| HN Mirror

Y	Hacker News new \| ask \| show \| jobs

by tomjen3 640 days ago

This won't work. If you are doing an AI startup, you will want to use GoogleBot for your crawler and this will bypass that.

Not too much of a loss, since the only quality content is already behind paywalls, or on diverse wikistyle sites. Anything served with ads for commercial reasons is automatically drivel, based on my experience. There simply isn't a business in making it better.

Edit: updated comment to not be needlessly diversive.

1 comments

jsheard 640 days ago

It is trivial to detect fake GoogleBot traffic (Google provides ways to validate it) and Cloudflare already does so.
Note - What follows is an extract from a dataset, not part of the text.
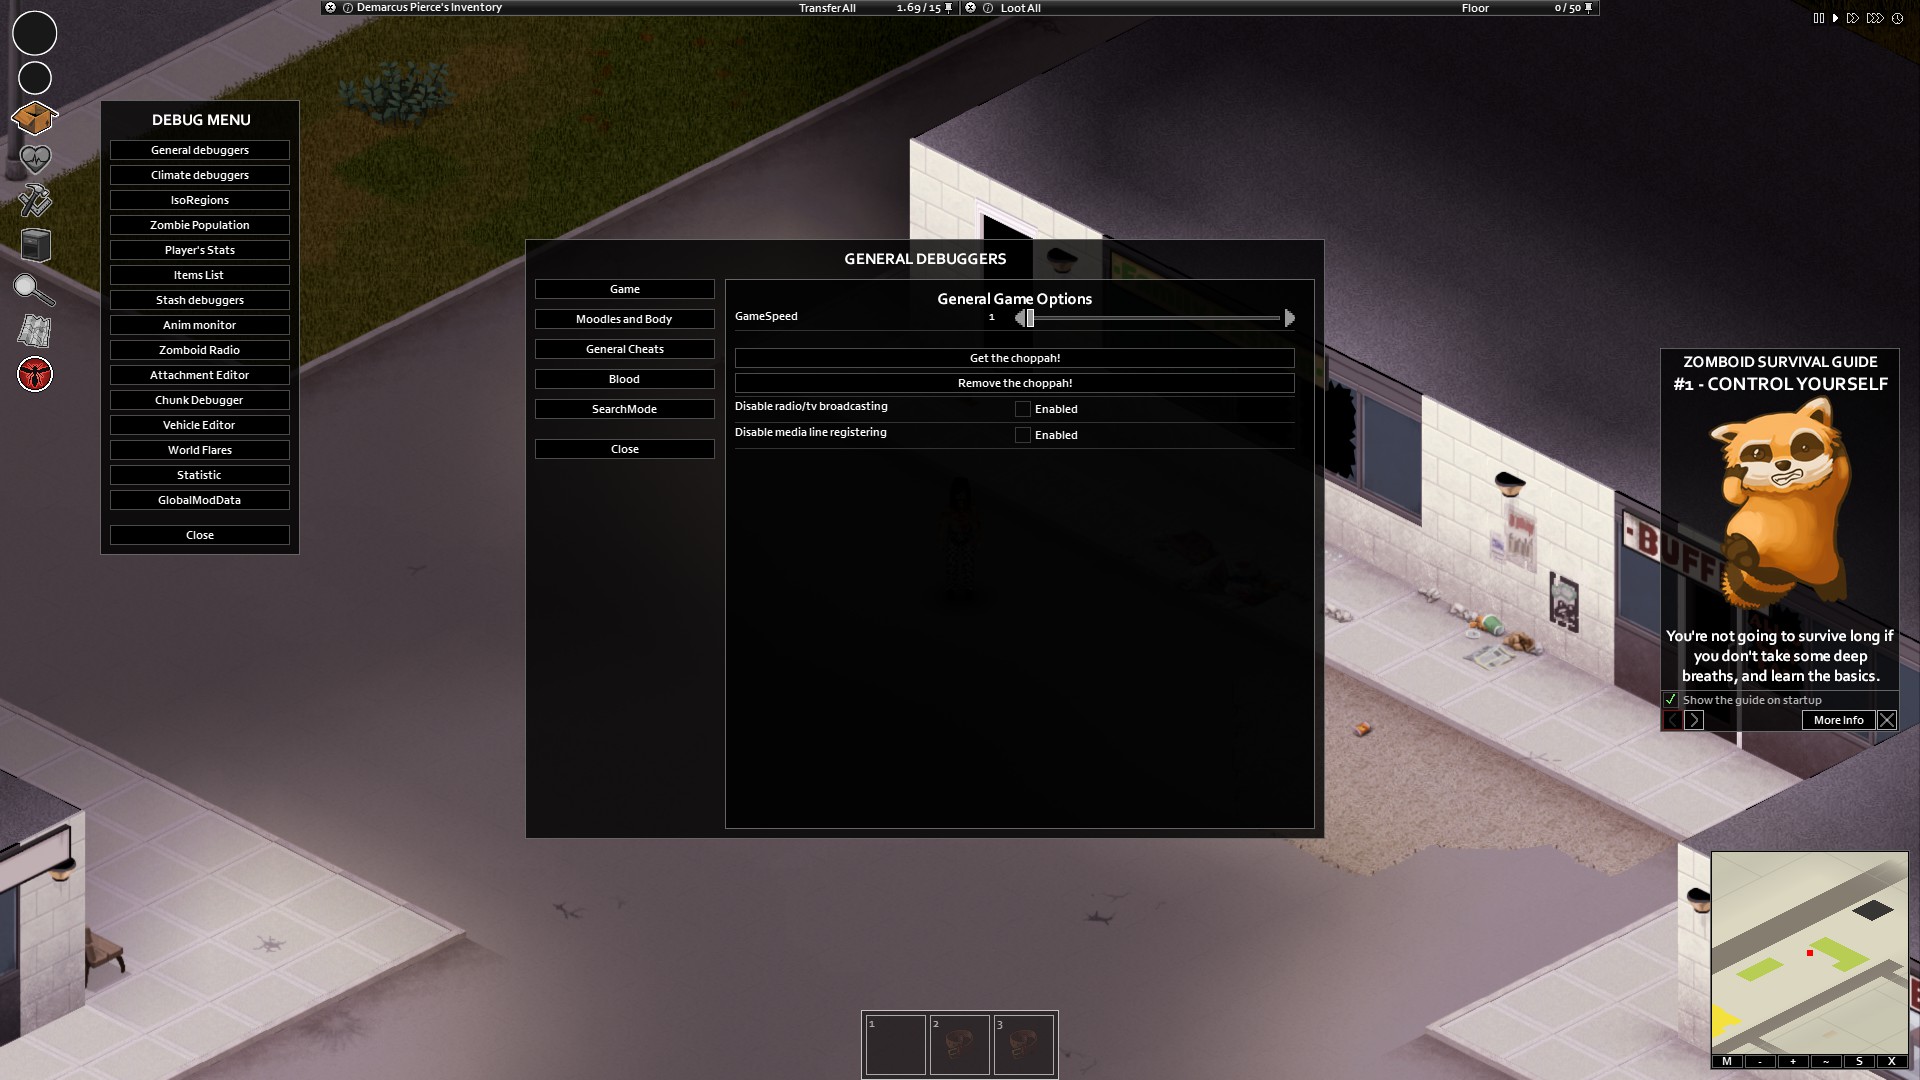 Log in as an Admin in Project Zomboid

See for yourself:

  curl -I -H "User-Agent: Mozilla/5.0 AppleWebKit/537.36 (KHTML, like Gecko; compatible; Googlebot/2.1; +http://www.google.com/bot.html) Chrome/105.0.5195.102 Safari/537.36" https://www.cloudflare.com

They'll immediately flag the request as malicious and return 403 Forbidden, even if your IP address is otherwise reputable.

link

matt-p 640 days ago

Now try it from a google cloud vm.

link

jsheard 640 days ago

Pretty sure that won't work, they let you validate whether an IP address is used by GoogleBot specifically, not just owned by Google in general. I doubt they are foolish enough to use the same pool of IP addresses for their internal crawlers and their public cloud.

https://developers.google.com/search/docs/crawling-indexing/...

link

matt-p 640 days ago

It depends how the site has implemented it, a huge number just look for AS origination and *googleuserconent.com

link